_Goal of the exercise_
Please output the listing exactly as it stands, but omit any images.

_Dataset content_
__________

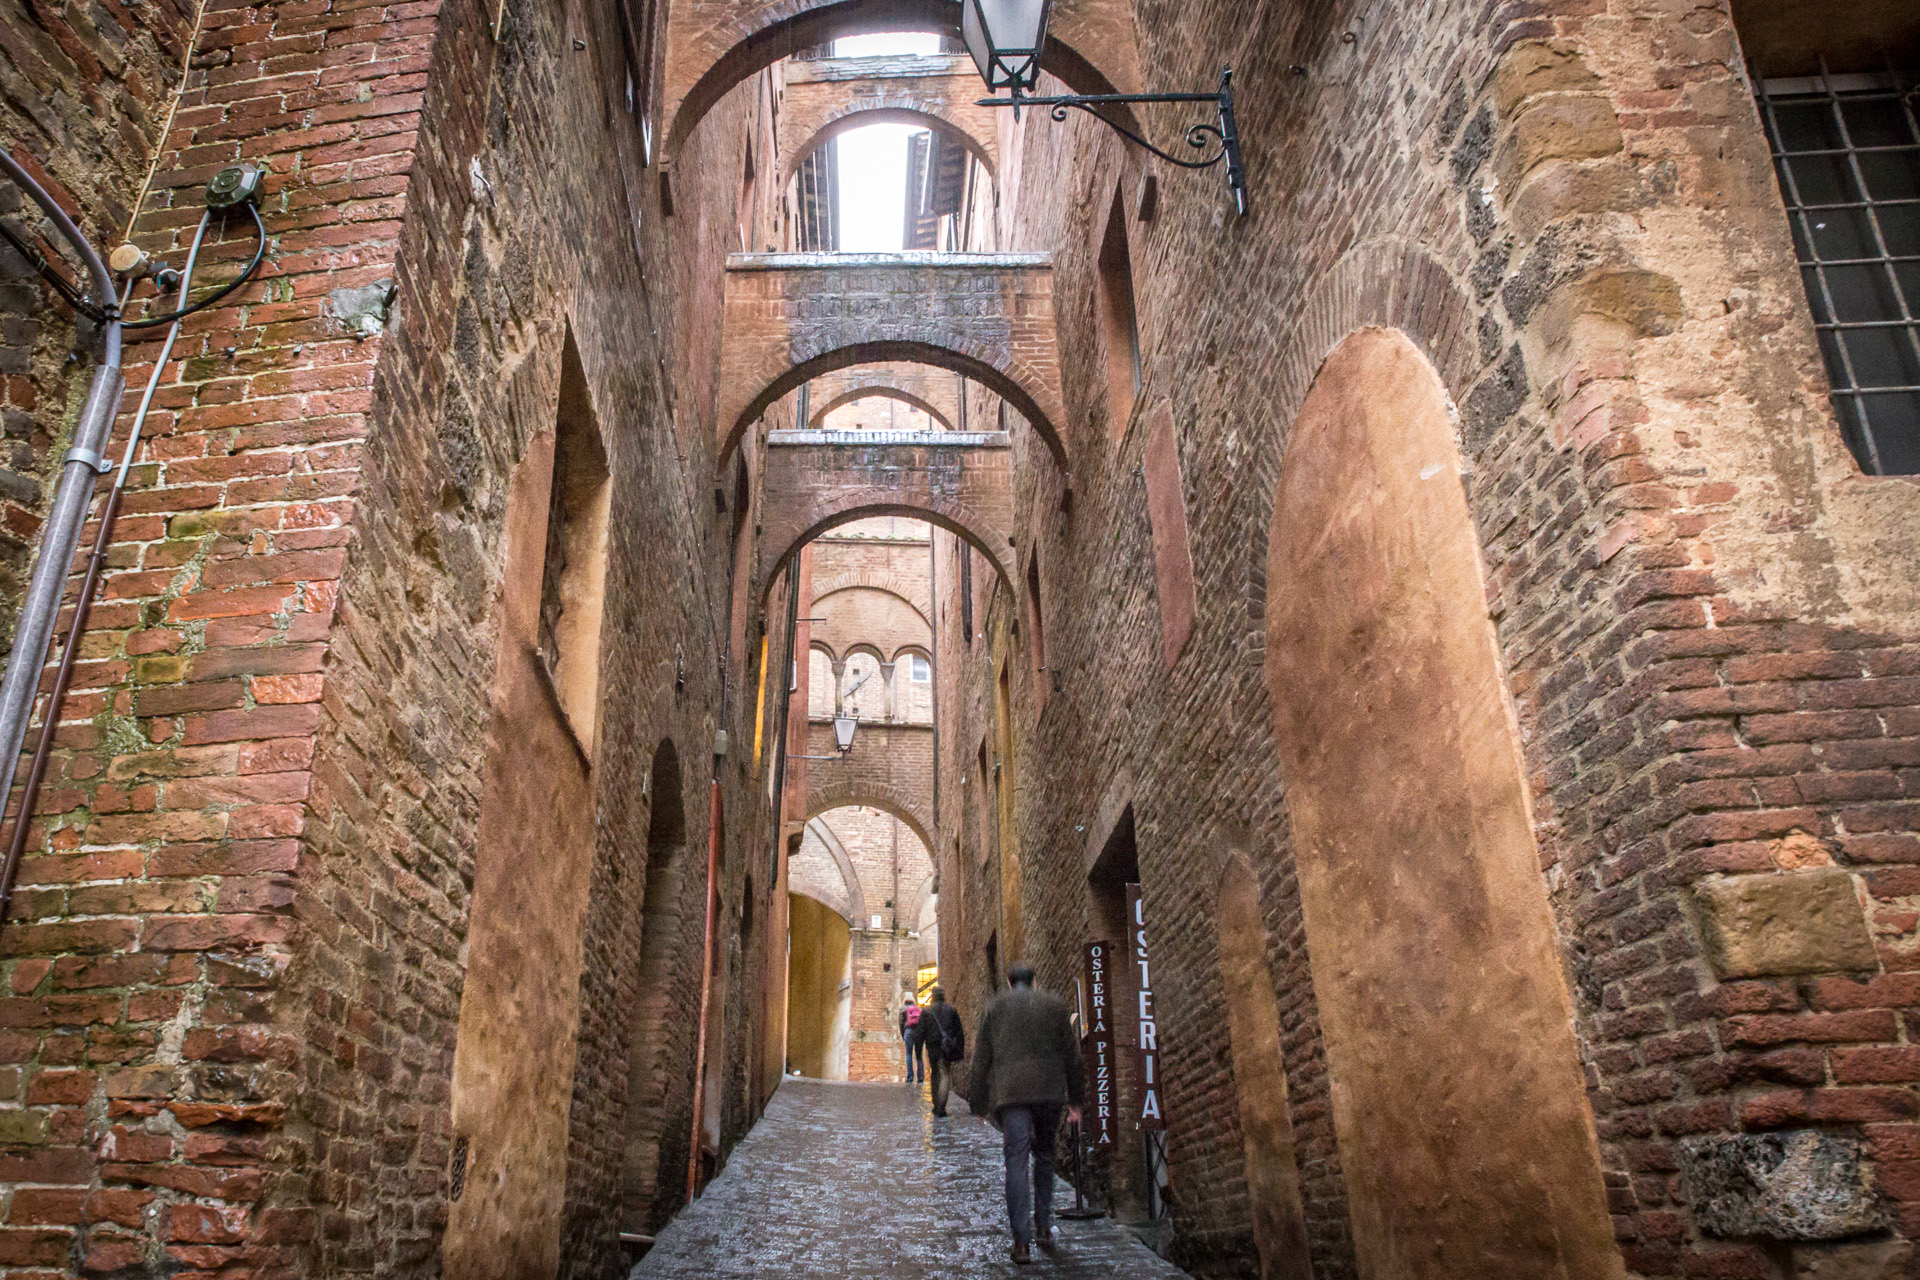 Strolling in Siena
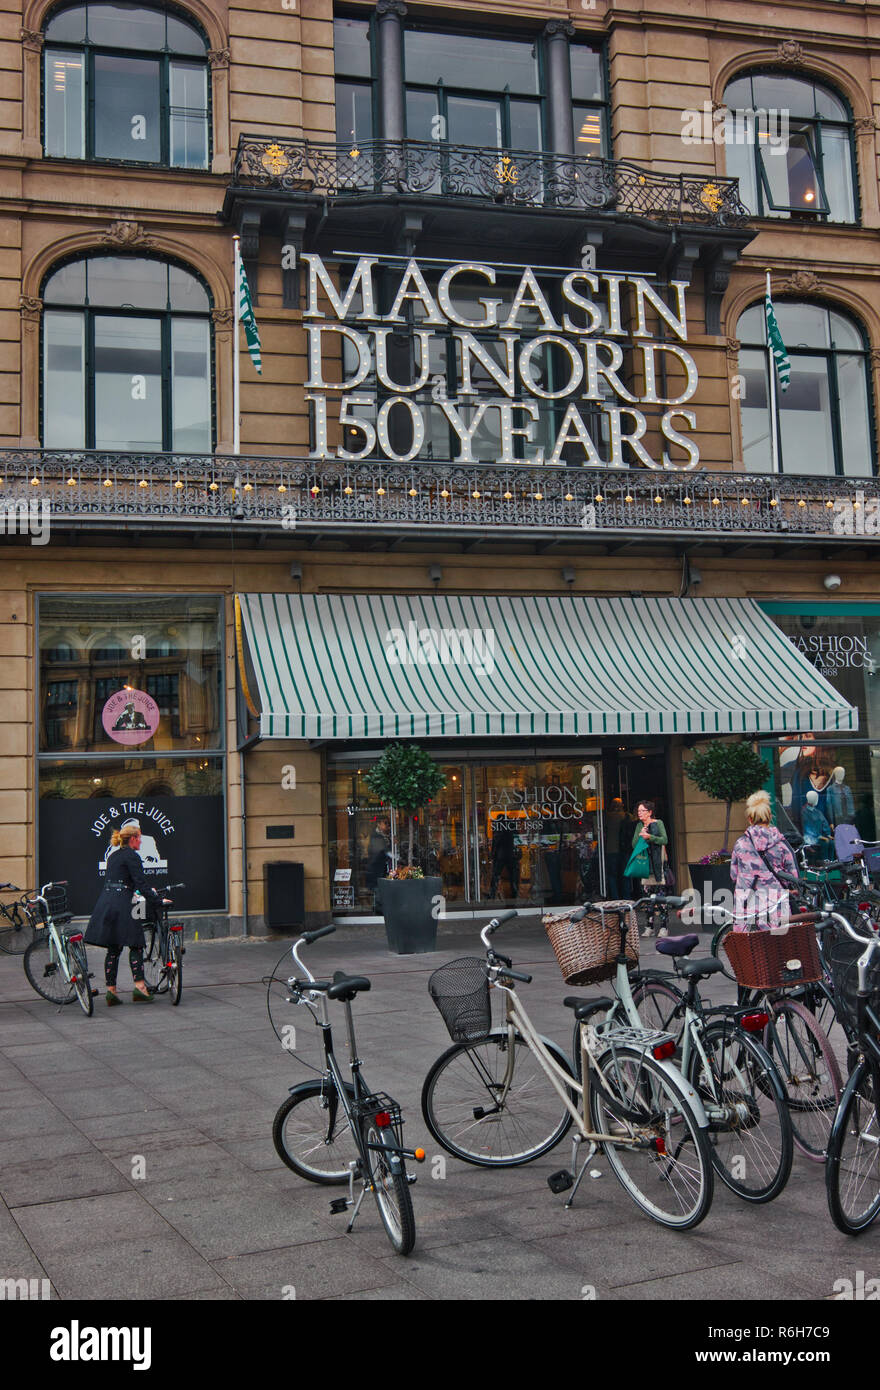 Magasin du Nord department store, Kongens Nytorv, Copenhagen, Denmark, Scandinavia Stock Photo
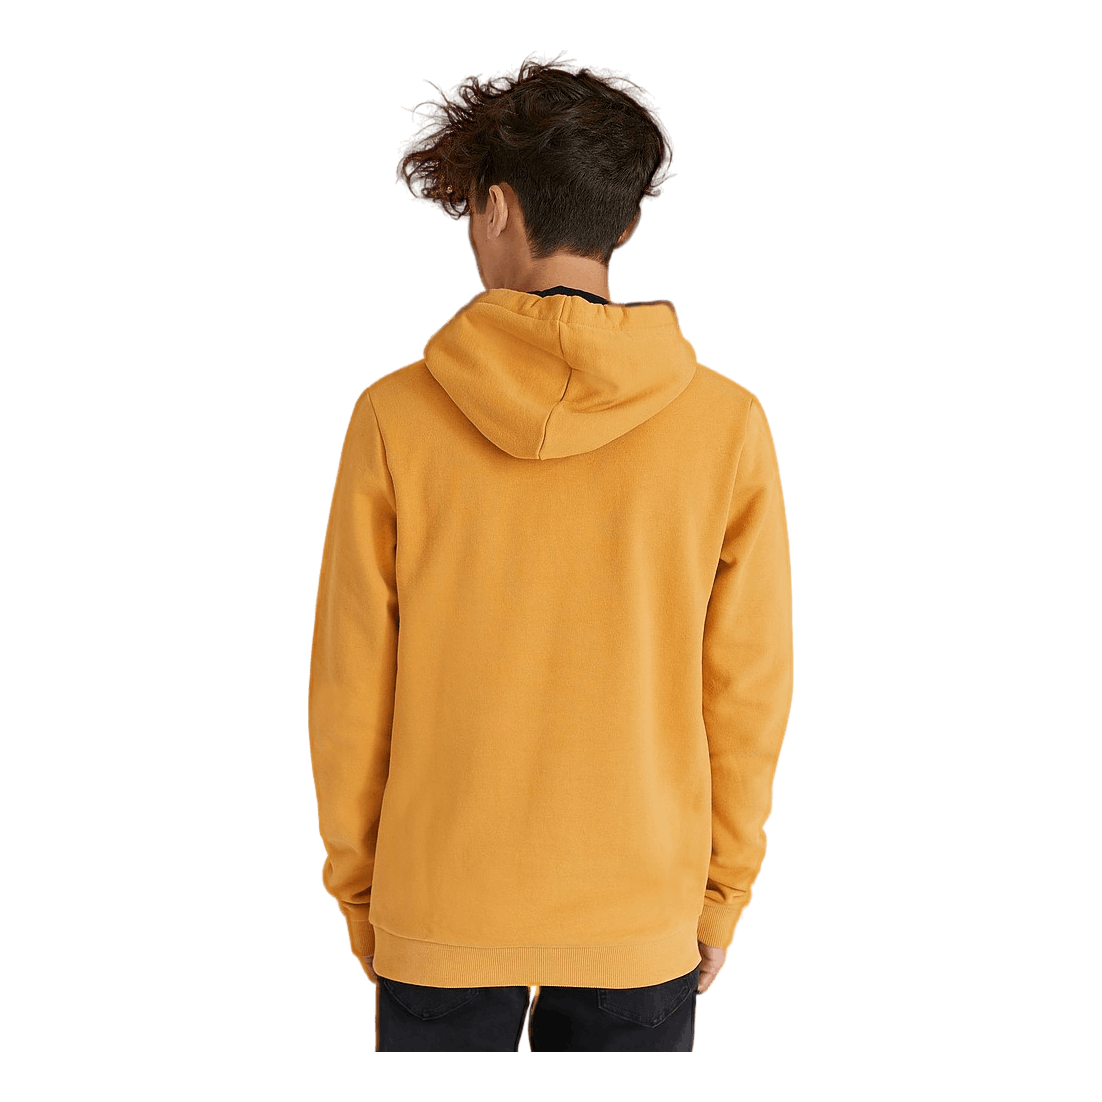 The Iconic Hooded Sweatshirt 589 Ochre
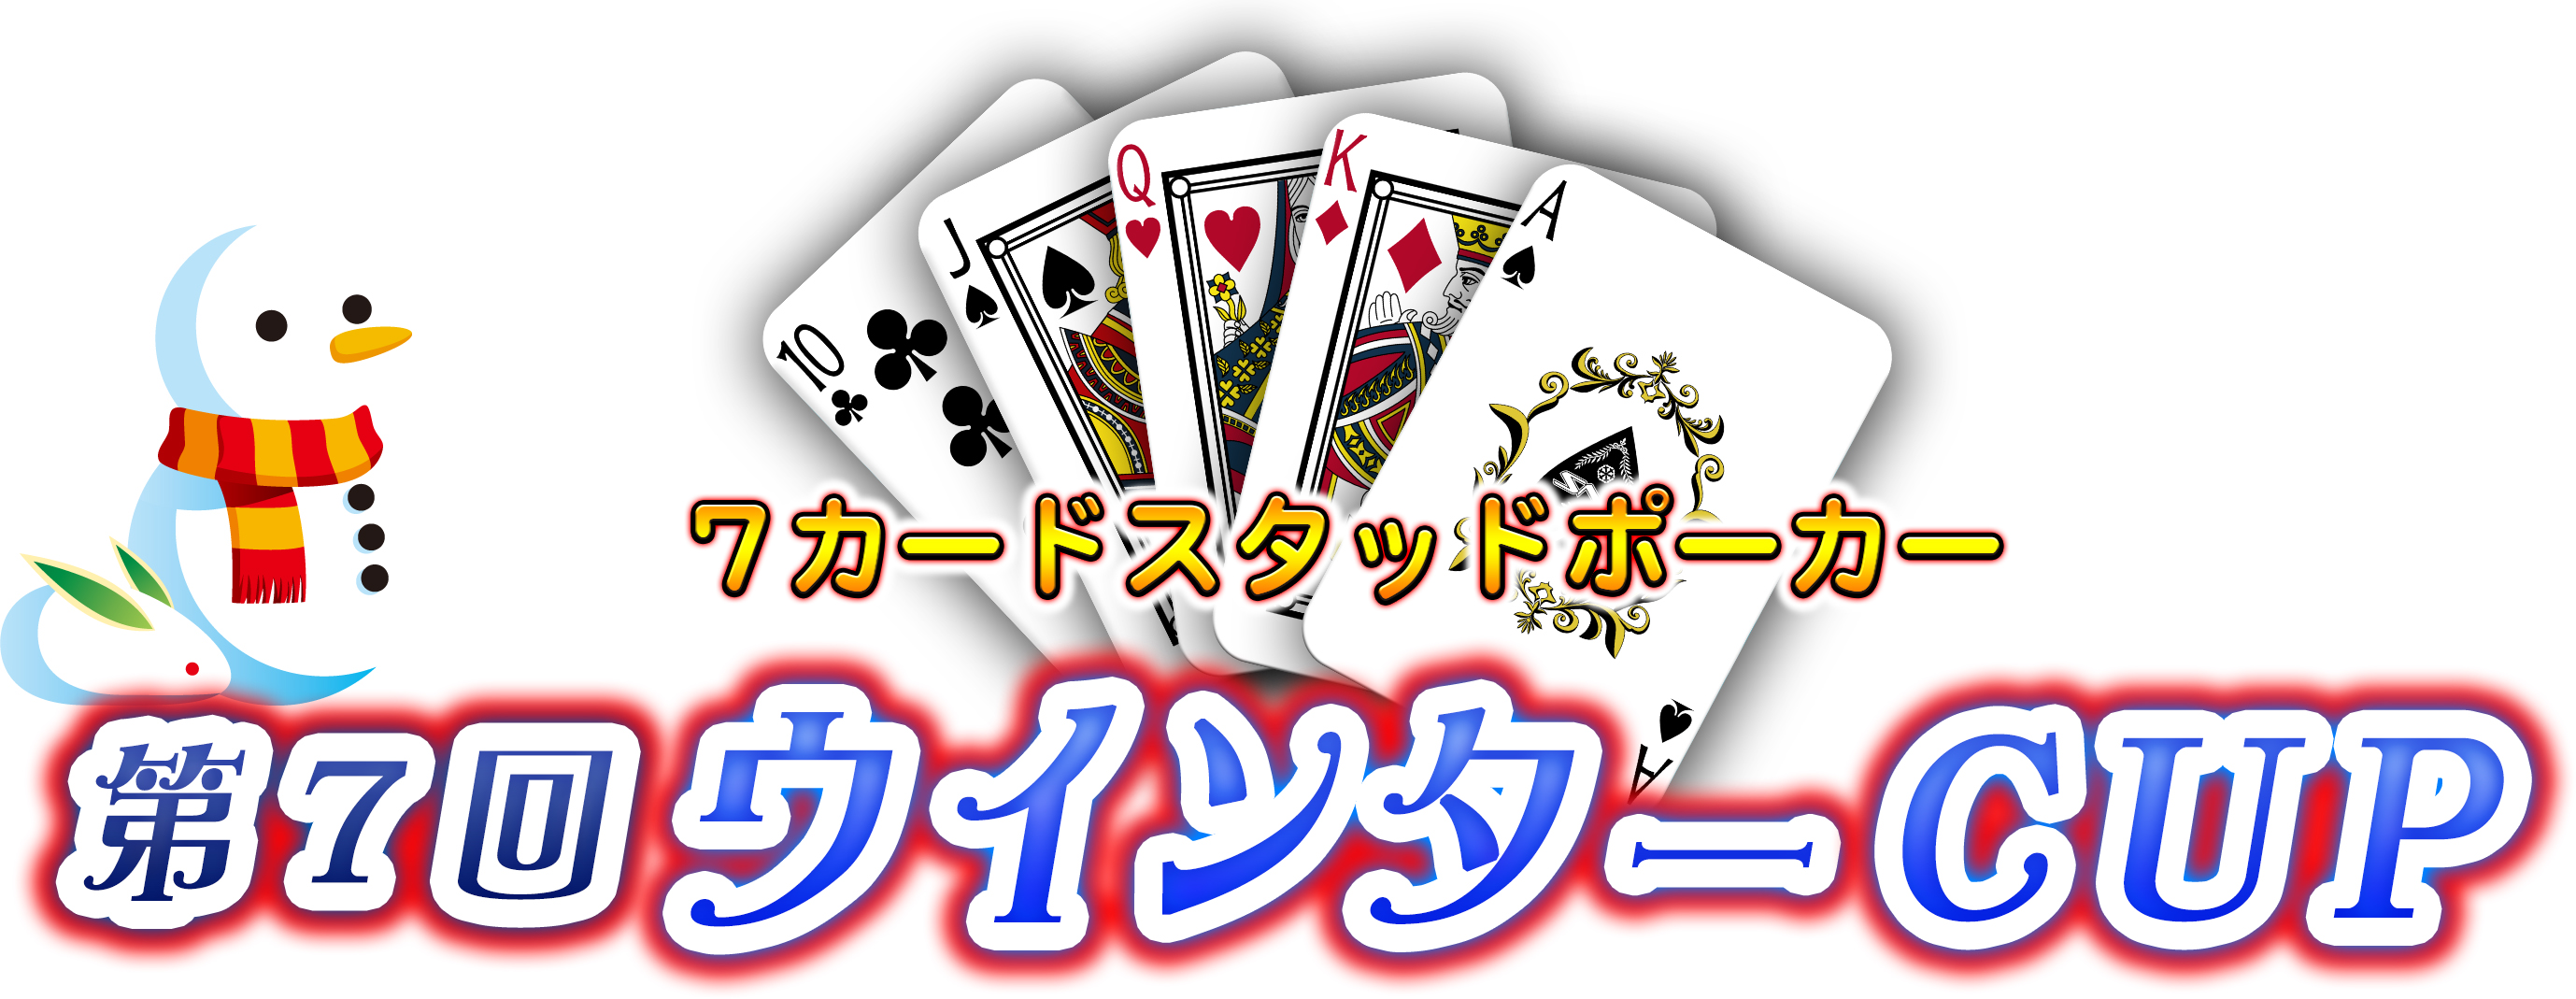 77card Stud PokerEC^[CUP

__________

_Answer space_
 Strolling in Siena
 Magasin du Nord department store, Kongens Nytorv, Copenhagen, Denmark, Scandinavia Stock Photo
 The Iconic Hooded Sweatshirt 589 Ochre
 77card Stud PokerEC^[CUP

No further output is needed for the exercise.